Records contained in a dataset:
- - -
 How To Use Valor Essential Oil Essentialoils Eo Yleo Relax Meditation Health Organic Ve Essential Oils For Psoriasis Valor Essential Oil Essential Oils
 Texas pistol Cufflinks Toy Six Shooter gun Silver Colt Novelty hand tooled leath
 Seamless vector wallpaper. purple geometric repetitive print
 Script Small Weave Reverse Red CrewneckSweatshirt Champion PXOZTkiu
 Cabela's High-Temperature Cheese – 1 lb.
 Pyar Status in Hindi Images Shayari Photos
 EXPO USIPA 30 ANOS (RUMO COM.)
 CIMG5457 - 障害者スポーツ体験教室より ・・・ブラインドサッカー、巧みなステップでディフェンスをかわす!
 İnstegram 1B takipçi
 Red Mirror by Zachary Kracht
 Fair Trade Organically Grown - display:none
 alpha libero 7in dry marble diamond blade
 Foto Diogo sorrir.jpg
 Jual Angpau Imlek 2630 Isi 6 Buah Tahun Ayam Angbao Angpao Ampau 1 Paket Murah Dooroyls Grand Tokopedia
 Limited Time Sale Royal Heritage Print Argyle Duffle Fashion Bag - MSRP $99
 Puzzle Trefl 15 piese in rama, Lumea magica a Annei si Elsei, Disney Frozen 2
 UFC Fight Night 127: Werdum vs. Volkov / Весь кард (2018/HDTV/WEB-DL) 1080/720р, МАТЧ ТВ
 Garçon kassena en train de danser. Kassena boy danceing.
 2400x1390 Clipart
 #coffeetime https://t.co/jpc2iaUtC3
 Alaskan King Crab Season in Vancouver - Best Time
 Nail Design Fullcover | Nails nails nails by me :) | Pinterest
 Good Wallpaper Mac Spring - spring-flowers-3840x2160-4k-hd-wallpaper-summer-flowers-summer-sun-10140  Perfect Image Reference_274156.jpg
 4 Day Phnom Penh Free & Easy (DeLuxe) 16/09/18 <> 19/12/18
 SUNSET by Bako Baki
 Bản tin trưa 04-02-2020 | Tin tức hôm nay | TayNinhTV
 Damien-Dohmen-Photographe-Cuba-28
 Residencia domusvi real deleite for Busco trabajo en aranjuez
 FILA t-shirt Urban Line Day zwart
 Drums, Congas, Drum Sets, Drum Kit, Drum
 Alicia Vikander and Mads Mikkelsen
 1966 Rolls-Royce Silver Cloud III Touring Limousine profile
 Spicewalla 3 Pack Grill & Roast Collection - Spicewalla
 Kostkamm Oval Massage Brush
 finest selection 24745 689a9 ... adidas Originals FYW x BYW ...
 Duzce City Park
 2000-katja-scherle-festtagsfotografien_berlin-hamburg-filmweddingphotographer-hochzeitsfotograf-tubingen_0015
- - -
# WORK ITEM
Scan the entries above for the word "Silver" and collect each line holding it.

# TASK ANSWER
 Texas pistol Cufflinks Toy Six Shooter gun Silver Colt Novelty hand tooled leath
 1966 Rolls-Royce Silver Cloud III Touring Limousine profile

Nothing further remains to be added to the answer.